Ultimately, surgical management remains a cornerstone in M. abscessus otomastoiditis, both for source control and diagnostic sampling. In our case, the patient required two surgeries: an initial mastoidectomy followed by a revision that included ossiculoplasty and cavity obliteration. Between these surgeries, the patient underwent serial debridement of the ear canal. The eighteen-month gap between the first and second surgeries allowed for reconstruction to be delayed until the infection was adequately controlled. Studies have shown that surgical debridement with systemic antimicrobials improves clinical outcomes in NTM otomastoiditis. A recent case report described the successful use of systemic and topical antimicrobials alongside mastoid surgery in a similar pediatric case. ¹⁰

Despite successful resolution of the infection, our patient experienced mixed hearing loss, likely due to damage to the ossicles, fibrosis of the middle ear, and toxicity from aminoglycosides. After the revision surgery, the pure tone average was 3 decibels for the right ear and 30 decibels for the left ear compared to 3 decibels for the right ear and 33 decibels for the left ear after the initial surgery. This underscores the potential for permanent hearing impairment due to M. abscessus infection and emphasizes the importance of early and ongoing audiologic monitoring during aminoglycoside therapy.

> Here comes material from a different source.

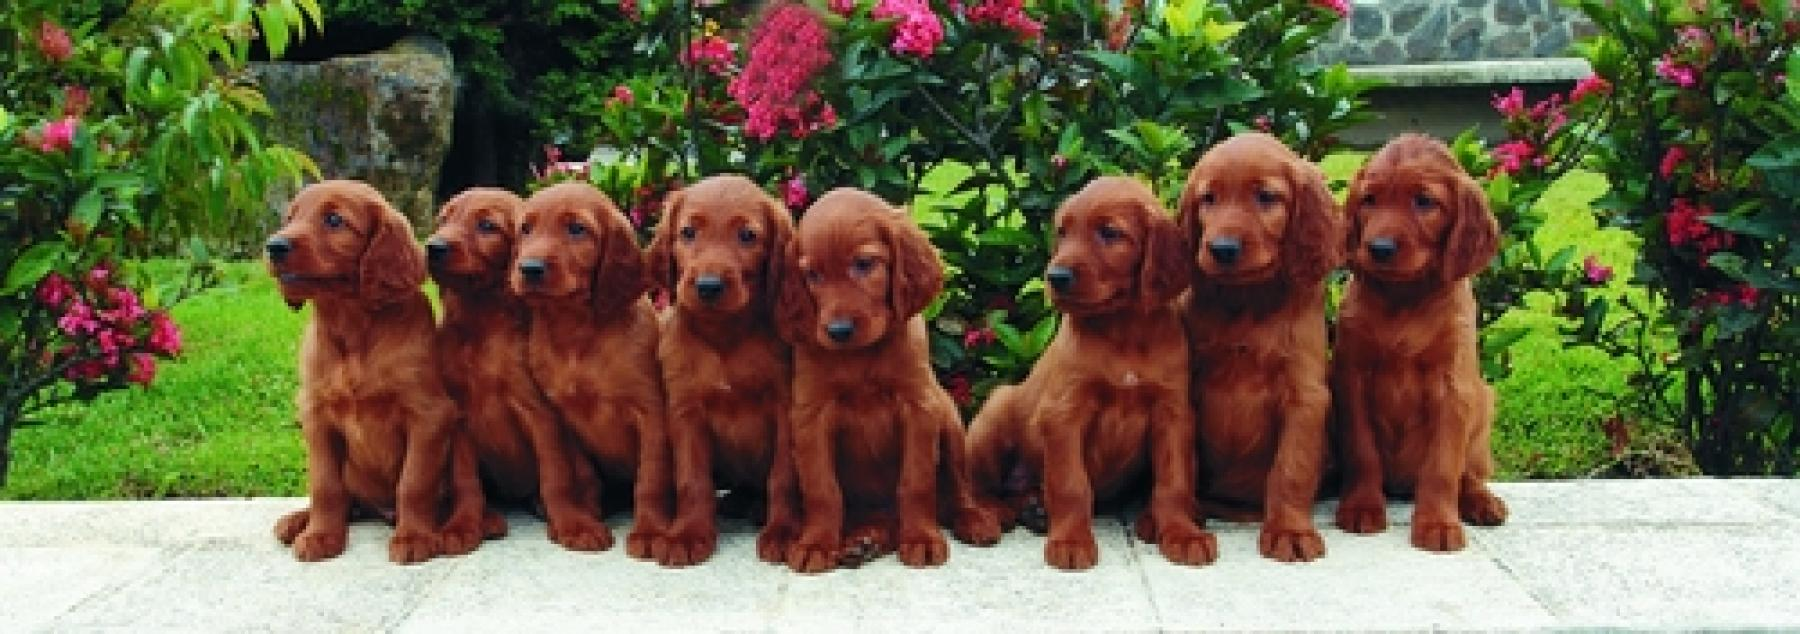 Sterling Find Random Irish Dog Names On Our Dog Name Irish Dog Names Your Lucky Pup Dog Name Generator Buzzfeed Dog Kennel Name Generator bark post Dog Name Generator

In conclusion, clinicians should consider NTM, particularly M. abscessus, in any child presenting with mastoiditis or otorrhea unresponsive to conventional management. When NTM is suspected, it is essential to request AFB cultures and pursue subspecies identification to inform treatment decisions. Early involvement of a multidisciplinary team, comprised of infectious diseases, otolaryngology, pharmacy, and audiology, is critical for managing complex therapeutic decisions and monitoring. Given the potential for significant drug toxicities, antimicrobial regimens should be tailored to susceptibility patterns and patient tolerance. Lastly, surgical intervention plays a vital role in both diagnosis and source control, with reconstruction deferred until the infection has fully resolved.